Din, vatan ve mukaddesat uğruna yapılan mücahade esnasında şehit olmak da var gazi olmak da. Ama hepsinin de Allah’ın indinde karşılığı vardır. Bu konuda Yüce Mevla Kur’an-ı Keriminde şöyle buyurmaktadır.”Allah yolunda öldürülenlere “ölüler” demeyin. Bilakis onlar diridirler. Fakat siz bunu sezemezsiniz.” (Bakara, 154.)

Din, vatan ve mukaddesat için her şeyini feda eden, yeter ki vatanım bölünmesin, Müslümanların can, mal ve namuslarına halel gelmesin diyebilen Müslümanlara Allah önemli bir makam vermiştir. Allah Kur’an lisanıyla onlar ölüler değil, bilmediğiniz bir hayatla yaşıyorlar. Ancak sizlerin onların bu halini anlama gücünüz yoktur buyurmaktadır. Şehidin kul hakkı dışında tün günahları affedilmiştir.
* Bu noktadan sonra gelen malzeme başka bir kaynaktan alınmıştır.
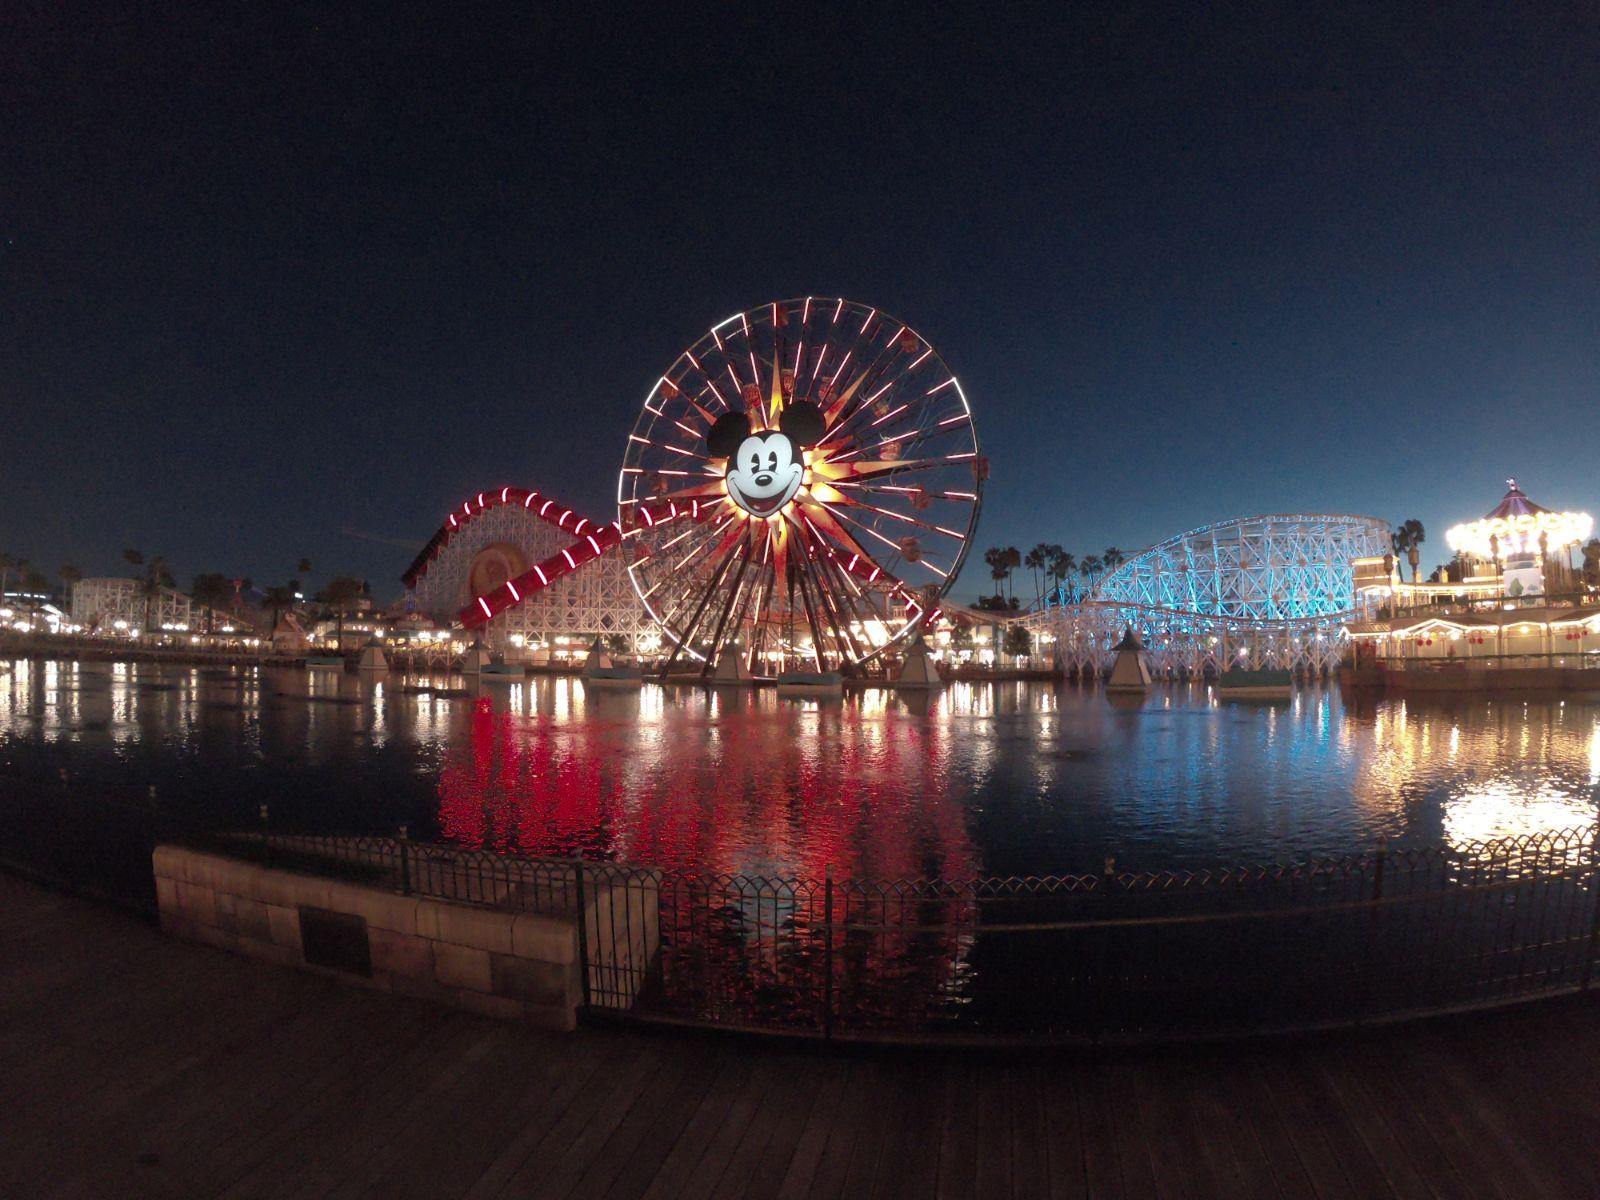 Disney fastpass tips

Ülkemizin her karış toprağında şehit kanı mevcuttur. Ecdadımız vatanımızı düşman işgalinden kurtarmak için her türlü zorluğa göğüs gererek, canı pahasına düşman birlikleriyle mücahede etmişlerdir. Binlerce şehit bir o kadar da gazi vermişler, ama tutsaklığı kabul etmemişlerdir. Sonuçta Allah’ın yardımıyla ülkemiz topraklarından işgalci düşman birliklerini temizlemişlerdir. Bizlere cennet gibi bir vatan bırakmışlardır. Ülkemizi koruyup kollamak, daha ileri seviyelere taşımak için çalışmak üzerinde yaşayan bizlere aittir. Maziden ders alarak geleceğimizi belirleyip her geçen gün daha da güçlü olmak için çalışmak gerekir. Bilinmelidir ki, üzerinde yaşadığımız bu vatan, şehit ve gazilerimizin bizlere emanetidir. Her emanet bir nimettir. Korumak, kollamak gerekir.
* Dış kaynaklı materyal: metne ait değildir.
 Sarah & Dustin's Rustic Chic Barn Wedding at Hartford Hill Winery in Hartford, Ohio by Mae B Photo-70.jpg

19 Eylül gaziler günü olması hasebiyle, ülkemizin bölünmez bütünlüğü, Müslüman Türk toplumunun can, mal ve namusunu koruma adına canları pahasına mücadele eden, bizlere bağımsız bir vatan bırakan şehit ve gazilerimizi saygı ve minnetle yad ediyoruz. Ruhları şad, mekânları cennet olsun. Hayatta olan gazilerimize Rabbim, sıhhat ve afiyetler ihsan eylesin. Gazilerimize, gazi ve şehit yakınlarına her zaman saygı ve hürmet göstermemiz, insani ve İslami bir görevdir. Onları sevmek ve saygı duymak, bizlerde bir eksiklik meydana getirmez. Bilakis saygınlığımızı artırır. Bu gün ülkemizde huzur ve güven içinde yaşayabiliyorsak, bunda gazi ve şehitlerimizin payı büyüktür. Yüce Allah şehit ve gazilerimizin emanetlerini sahip çıkarak muhafaza etmeyi nasip etsin.